Final Space Shuttle Mission to Hubble Underway

On Monday, Space shuttle Atlantis launched from NASA's Kennedy Space Center on the final Hubble Space Telescope servicing mission.

Atlantis' 11-day mission will include five spacewalks to refurbish Hubble with state-of-the-art science instruments designed to improve the telescope's discovery capabilities by up to 70 times while extending its lifetime through at least 2014.

Shortly before liftoff, Commander Scott Altman thanked the teams that helped make the launch possible.

"At last our launch has come along," said Altman. "...Getting to this point has been challenging, but the whole team, everyone, has pulled together to take us into space."

Altman is joined on STS-125 by Pilot Gregory C. Johnson and Mission Specialists Megan McArthur, John Grunsfeld, Mike Massimino, Andrew Feustel and Michael Good. McArthur is serving as the flight engineer and lead for robotic arm operations while the other mission specialists pair up for the hands-on spacewalk work after Hubble is captured and secured in the payload bay.

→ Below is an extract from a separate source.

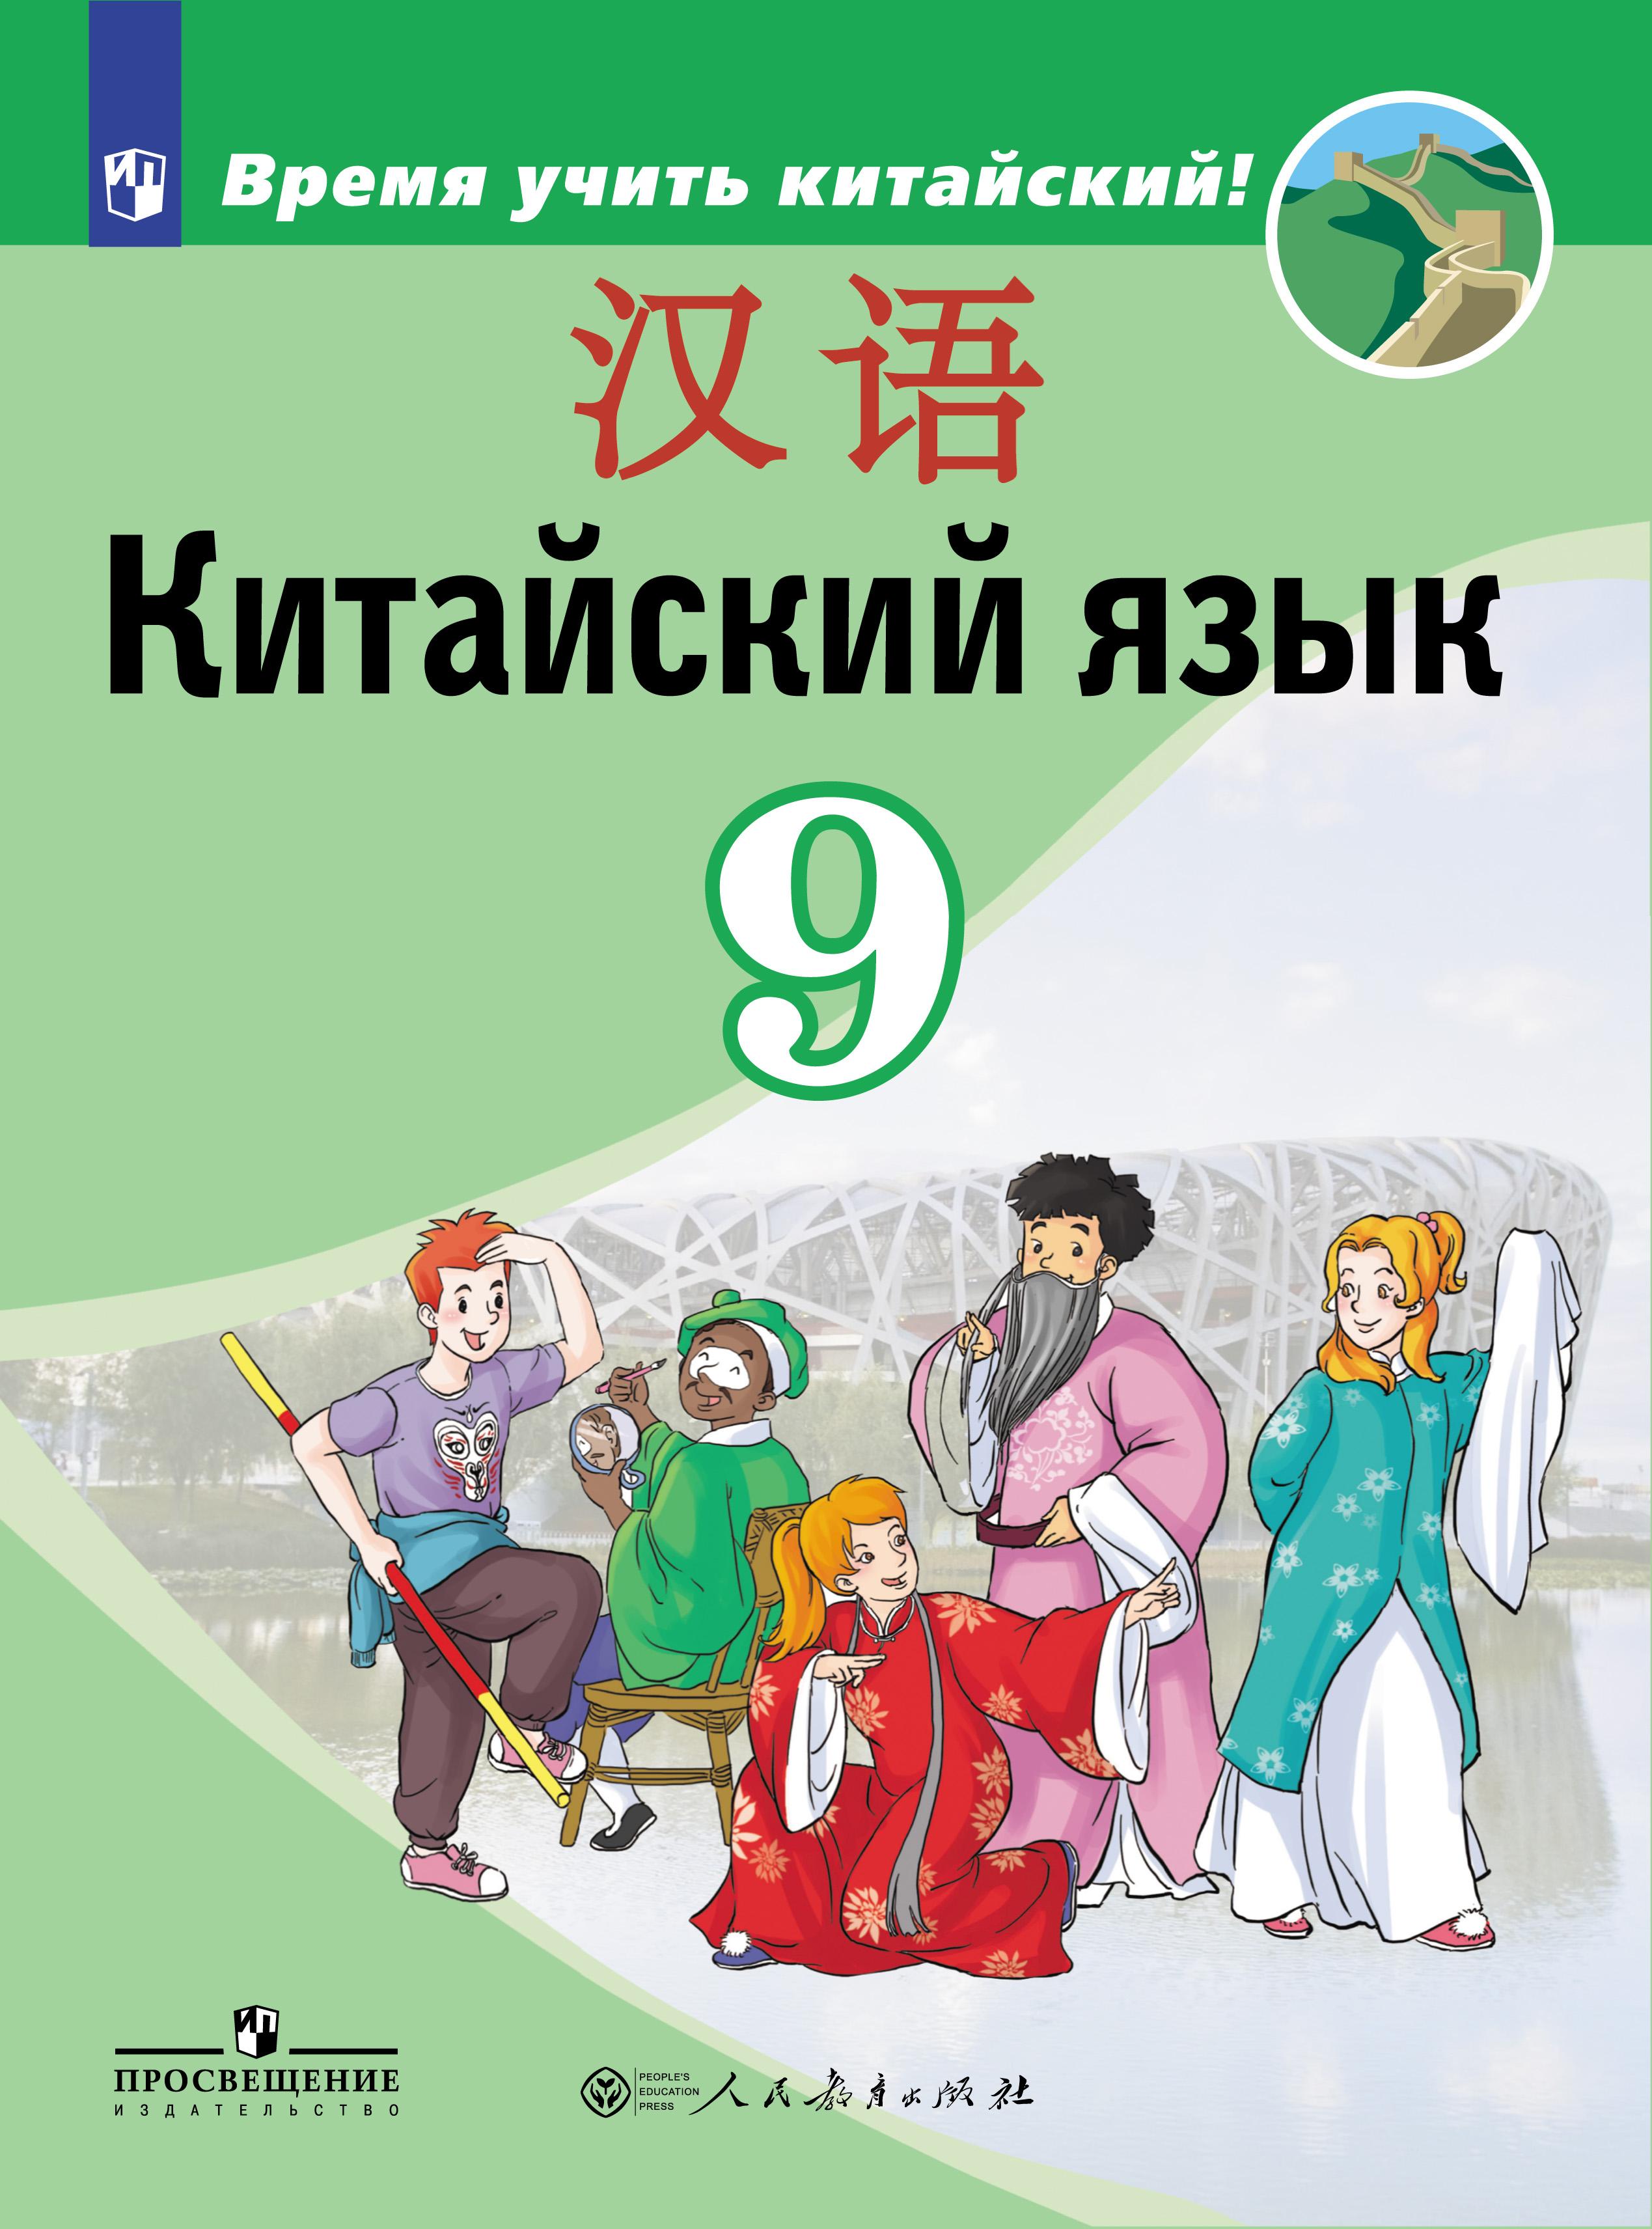 Китайский язык. Второй иностранный язык. 9 класс: учебник для общеобразоват. организаций

Orbiting nearly 50,000 feet (9 1/2 statute miles) behind the telescope, Atlantis' crew performed a precisely-targeted thruster firing called the Terminal Initiation, or TI burn, setting the stage for the final phase of the rendezvous with the Hubble Space Telescope. Atlantis will close the final miles to the telescope during the next orbit of Earth. During that time the shuttle’s rendezvous radar system will begin tracking Hubble by measuring the distance and rate of closure. Capture of Hubble will occur in a little over two hours.

The STS-125 mission is the 126th shuttle flight, the 30th for Atlantis and the second of five planned in 2009. Hubble was delivered to space on April 24, 1990, on the STS-31 mission. STS-125 is referred to as Servicing Mission 4, although it is technically the fifth servicing flight to the telescope.

"Hubble has a long history of providing outstanding science and beautiful pictures," said Ed Weiler, associate administrator for NASA's Science Mission Directorate. "If the servicing mission is successful, it will give us a telescope that will continue to astound both scientists and the public for many years to come."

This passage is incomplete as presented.